A subject line with a hashtag in it could cause the subscriber to engage with the brand on social media — again without opening the email. And a subscriber could open an email, see a product they like, and then open their browser, visit your site and search for the product there — or call your call center and place an order that way.
In each case, the subscriber took a positive, desirable action. But in each case, it’s hard to casually connect the dots back to email. And some of those are surprisingly common interaction paths.
Native inbox links. These links are enabled by senders and appear as part of the email client interface.

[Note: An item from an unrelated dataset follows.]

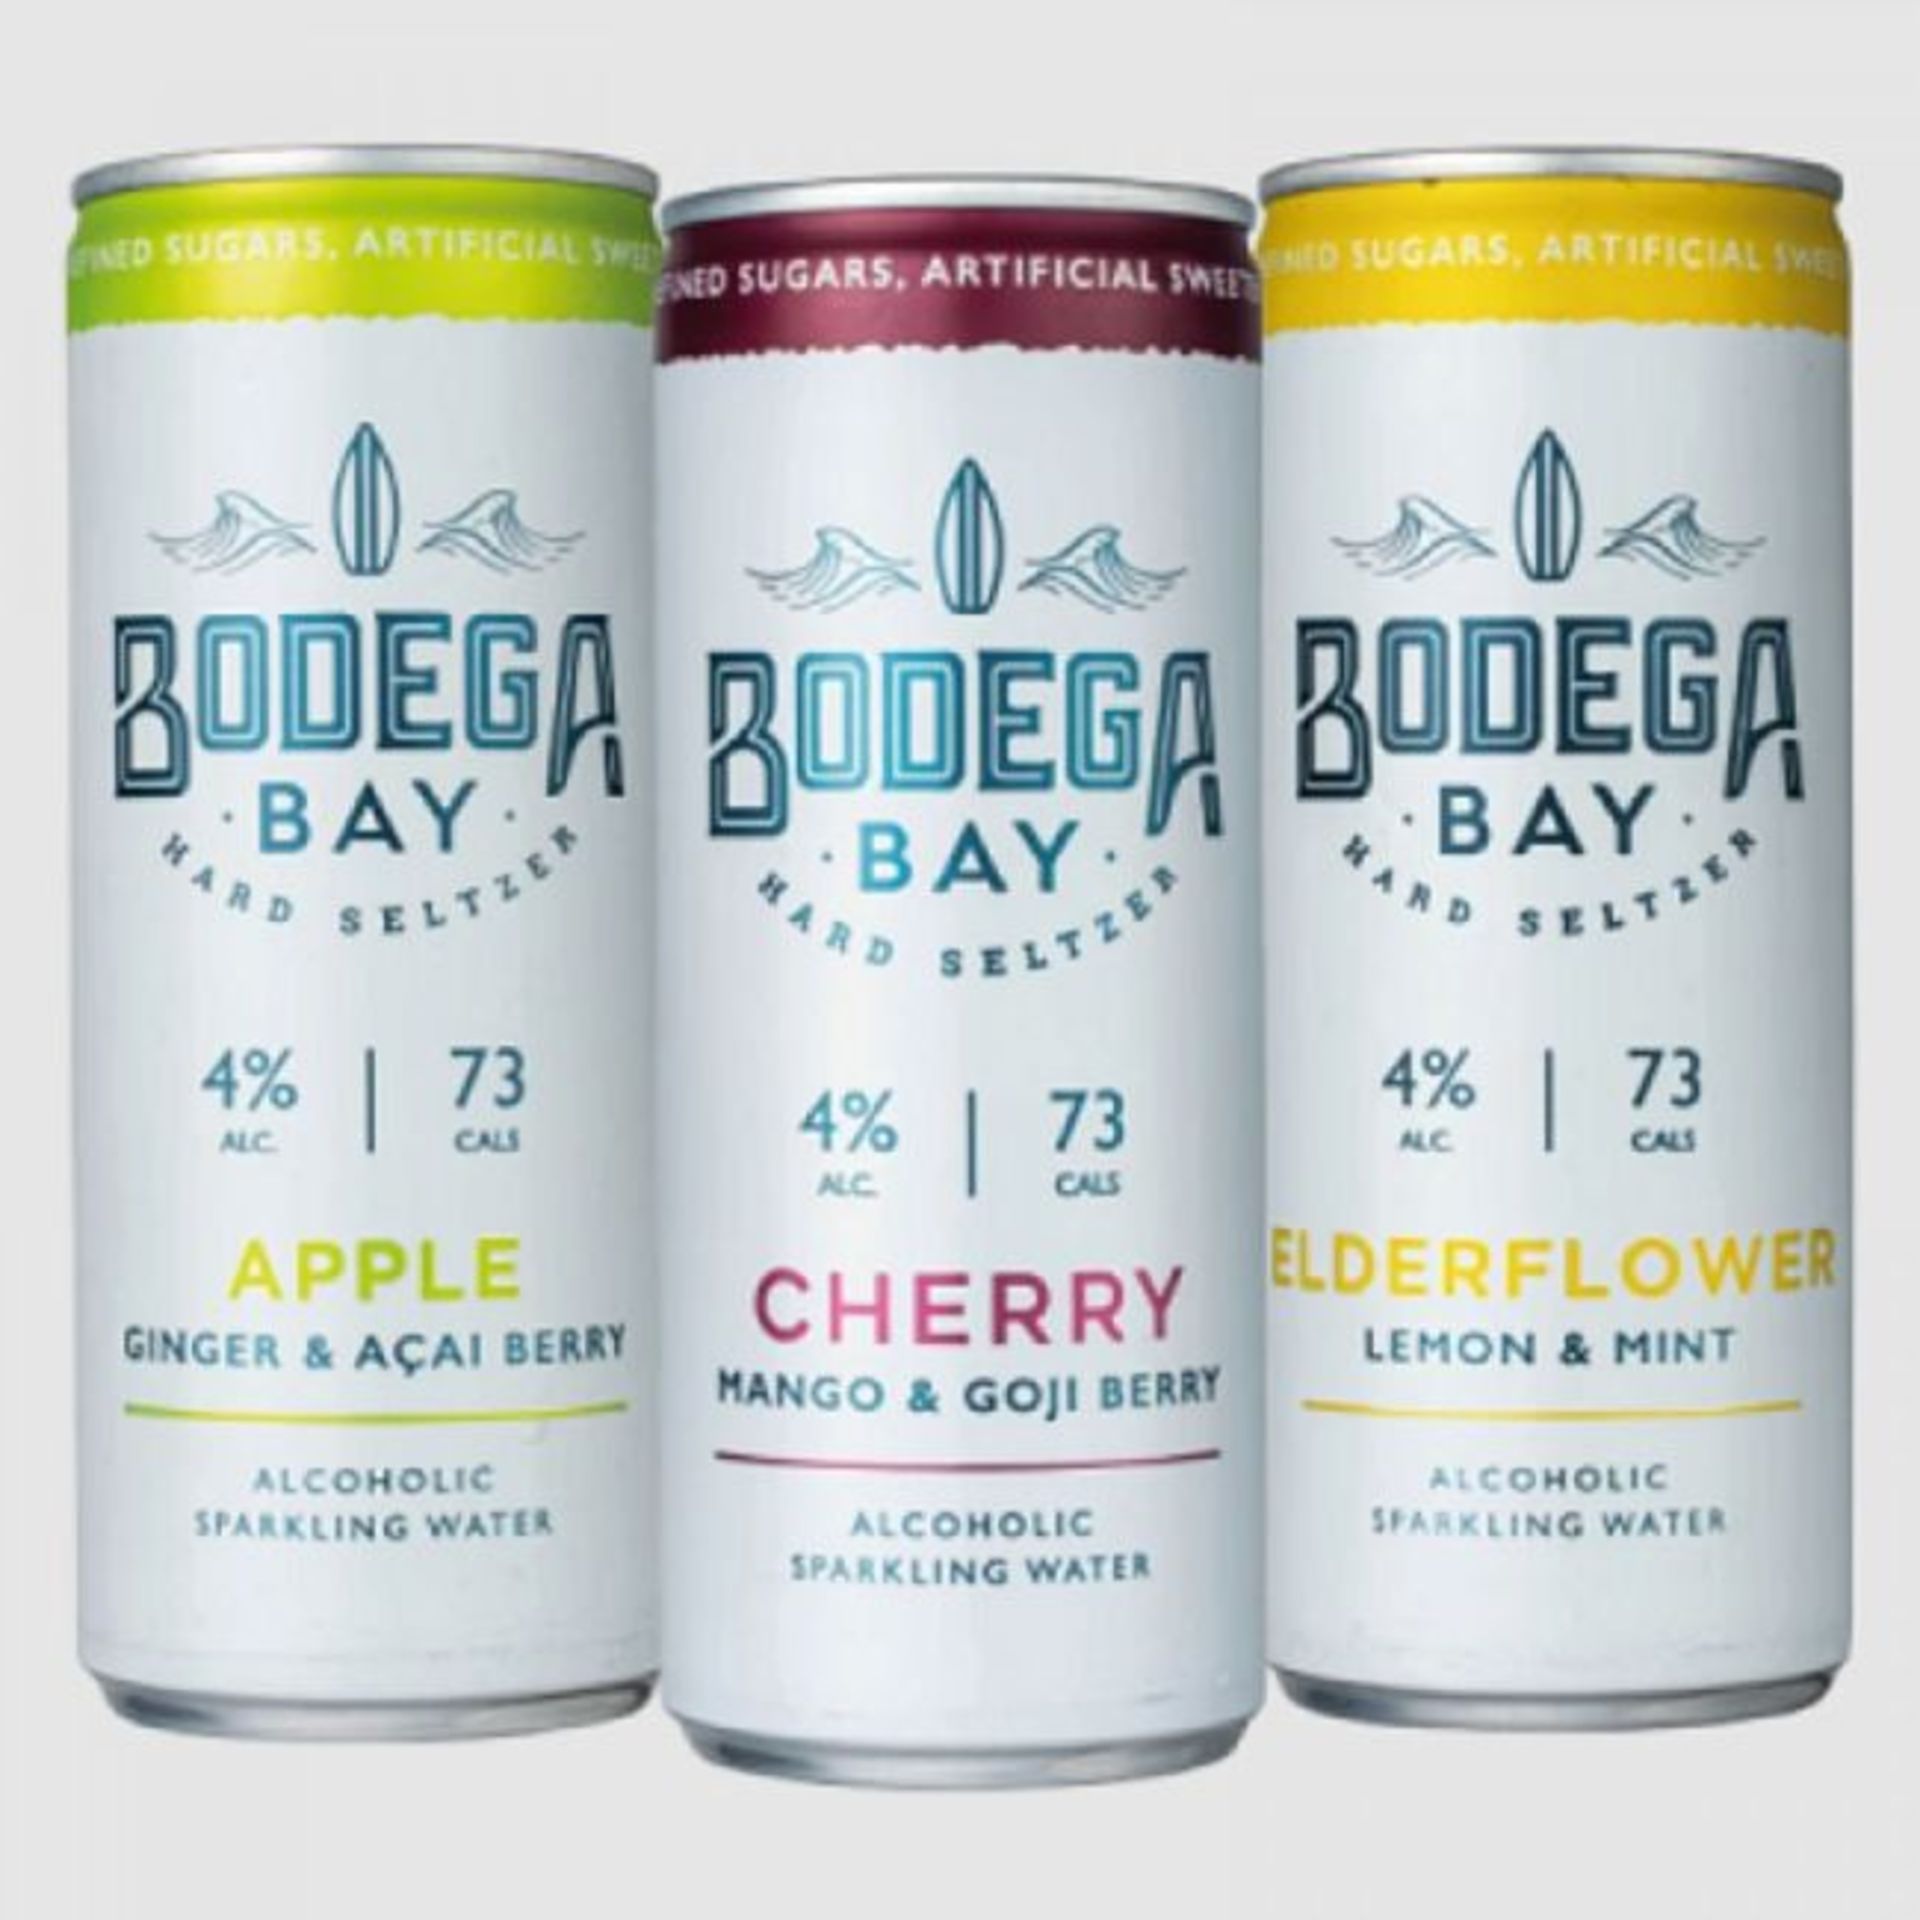 1,080 x Cans of Bodega Bay Hard Seltzer 250ml Alcoholic Sparkling Water Drinks - RESALE JOB LOT - - Image 11 of 21

Gmail’s Quick Action buttons are a great example of these. They allow marketers to add, for instance, a button to an email’s envelope content that lets subscribers jump to a “Track Package” page, so they can click on a primary call to action without opening the body copy, saving them a click.
Rich content. While still rare, embedded video content in emails is the best example of this, but some longer animated gifs fall into this category, as well. If a streaming embedded video service is used, then individual level tracking data is available, but if HTML5 video or a YouTube integration through Gmail is used, then it’s not.
The Latest Disruptions
Those email attribution disrupters have been in the mix for a least the past several years, but now we have a couple of new ones to consider.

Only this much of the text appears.